Canucks to continue filming incentives

Lower wages, tax credits could cut prod'n costs by 25%

TORONTO — Canada has no intention of backpedaling on its generous tax credit and incentives for Americans shooting north of the border, Prime Minister Jean Chretien told a group of Hollywood mavens Friday in Los Angeles.

“There was some debate around the issue of tax credits,” said the prime minister’s spokesman, Duncan Fulton, “and we don’t apologize for it. It allows us to be competitive.”

Chretien took part in a roundtable discussion with Motion Picture Assn. of America prexy Jack Valenti and reps from Columbia TriStar and the Film and Television Action Committee, a group formed specifically to tackle runaway production.

“The issue was raised with the Canadian delegation; it’s something that is on the minds of the California industry,” Fulton said. “The Canadian delegation explained their point of view, and there might have been an agreement to disagree.”

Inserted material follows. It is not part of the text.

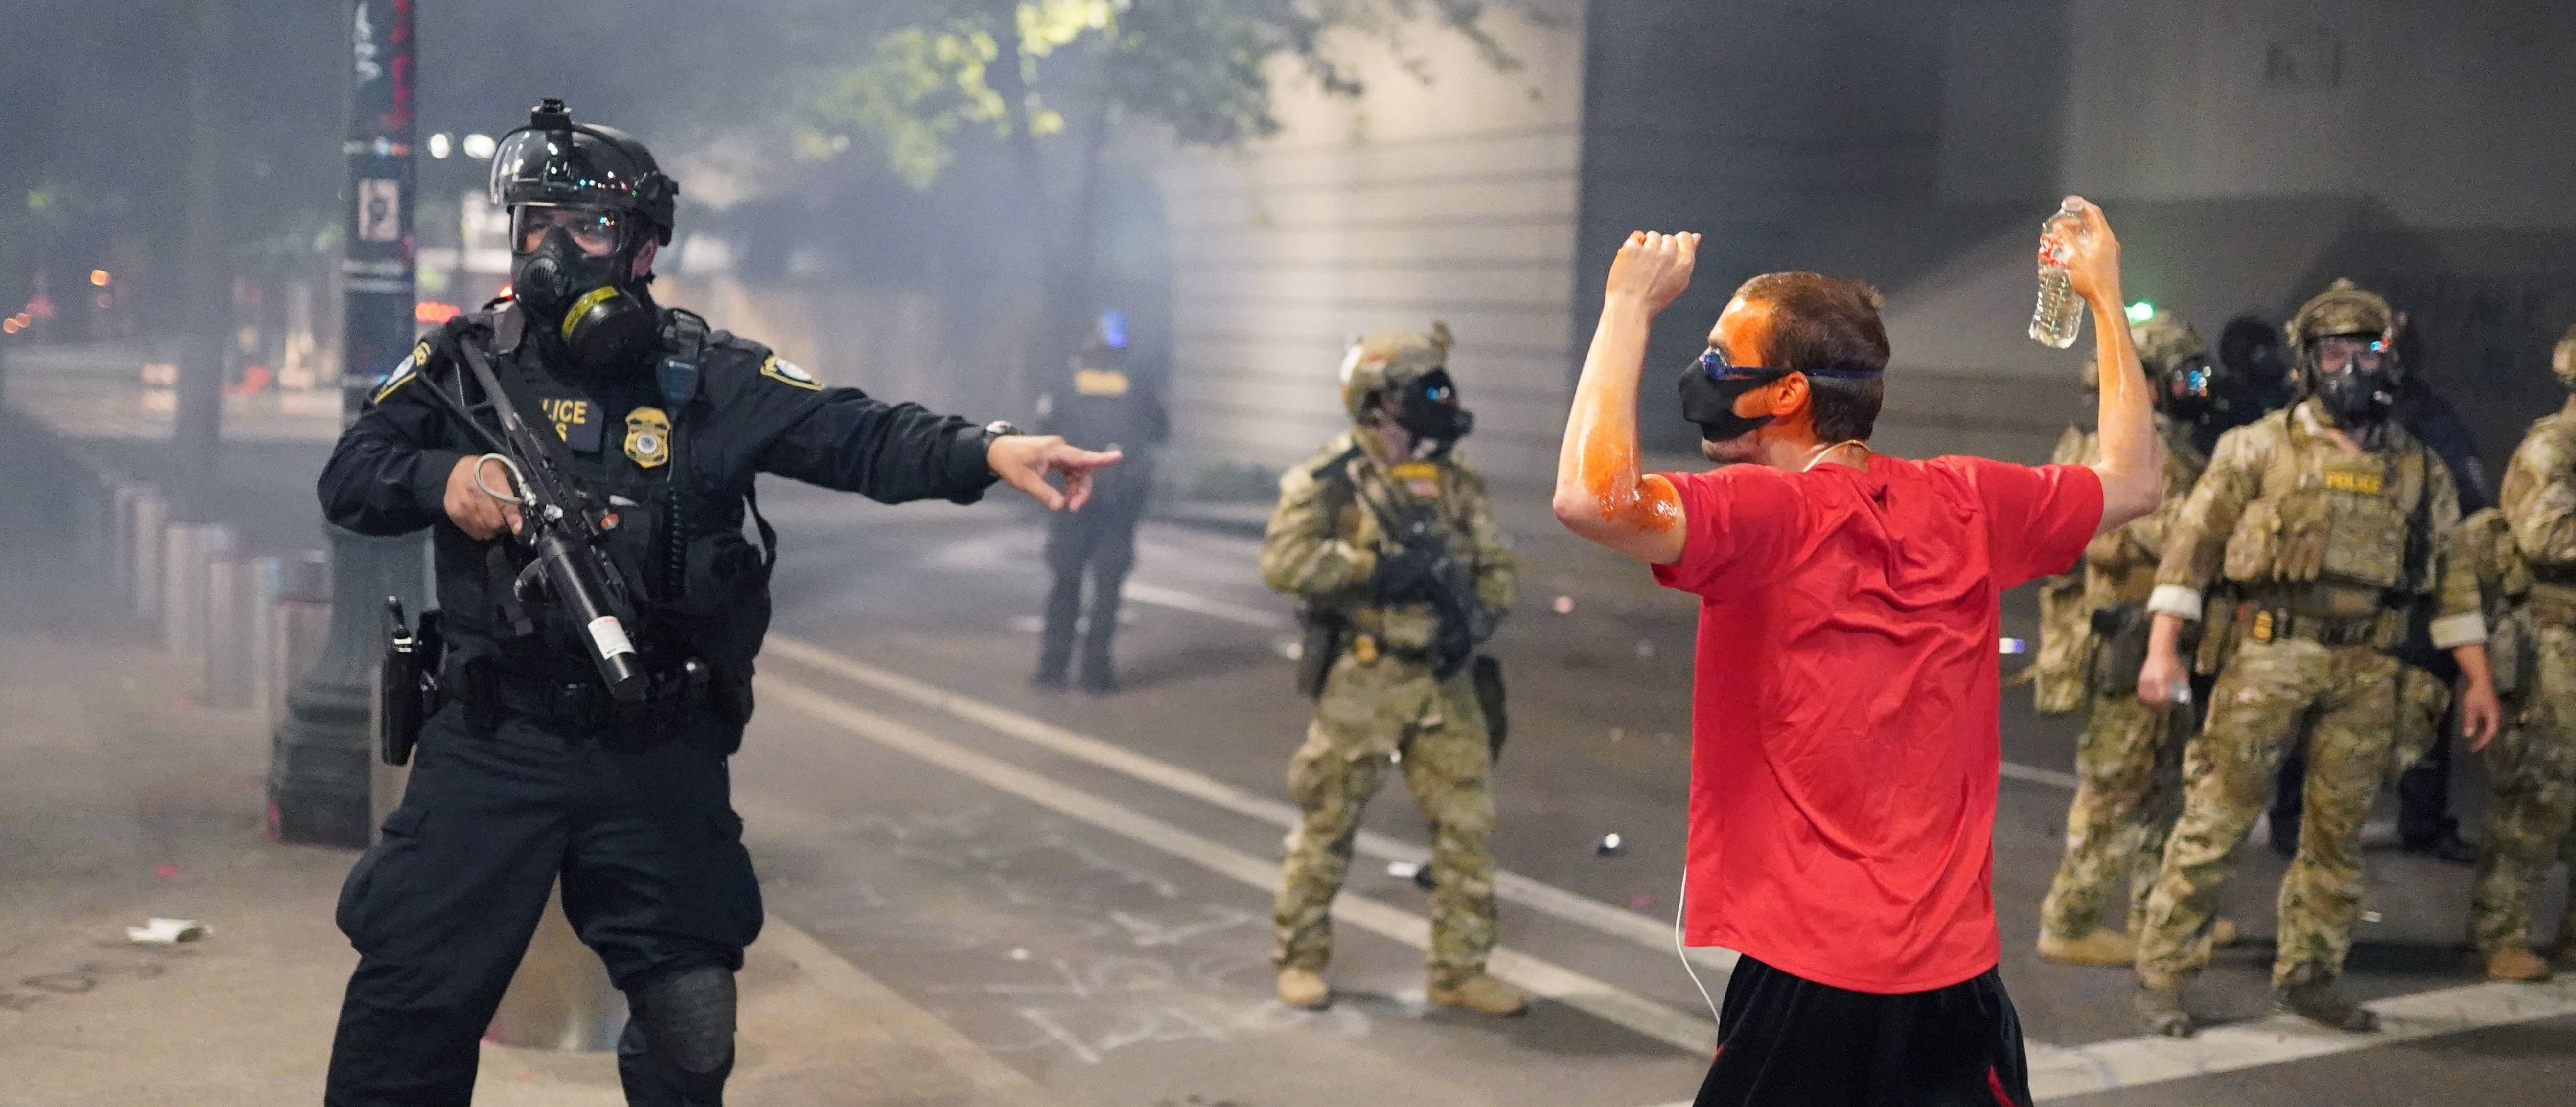 A federal officer tells fellow officers to arrest a protester in front of the Mark O. Hatfield U.S. Courthouse on July 21, 2020 in Portland, Oregon. State and city elected officials have called for the federal officers to leave Portland as clashes between protesters and federal police continue to escalate. (Photo by Nathan Howard/Getty Images)

Chretien said that Canadian and provincial incentives are comparable to those offered in other territories, including some American states, Australia and New Zealand.

In addition to the low Canadian dollar, filmmakers coming to Canada enjoy lower wages and tax credits and incentives, which can cut a production’s costs by 25%.

L.A. was the last stop on the group’s four-day trade visit through the U.S. Accompanying Chretien were four Western premieres, three territorial leaders and more than 190 delegates traveling under the “Team Canada” banner.

Rally in Hollywood

About 200 supporters of the countervailing tariff petition attended a rally Sunday afternoon at the Hollywood Bowl as cold weather and a last-minute change of venue held down attendance. Speakers included SAG Secretary Elliott Gould, treasurer Kent McCord, cinematographer Haskell Wexler and L.A. city councilmen Eric Garcetti and Tom Labonge.

Supporters of the petition plan to deliver the formal filing at the U.S. Commerce Department in Washington, D.C. on Tuesday.

“There is a lot of support for this investigation among the working people in the unions,” McCord said.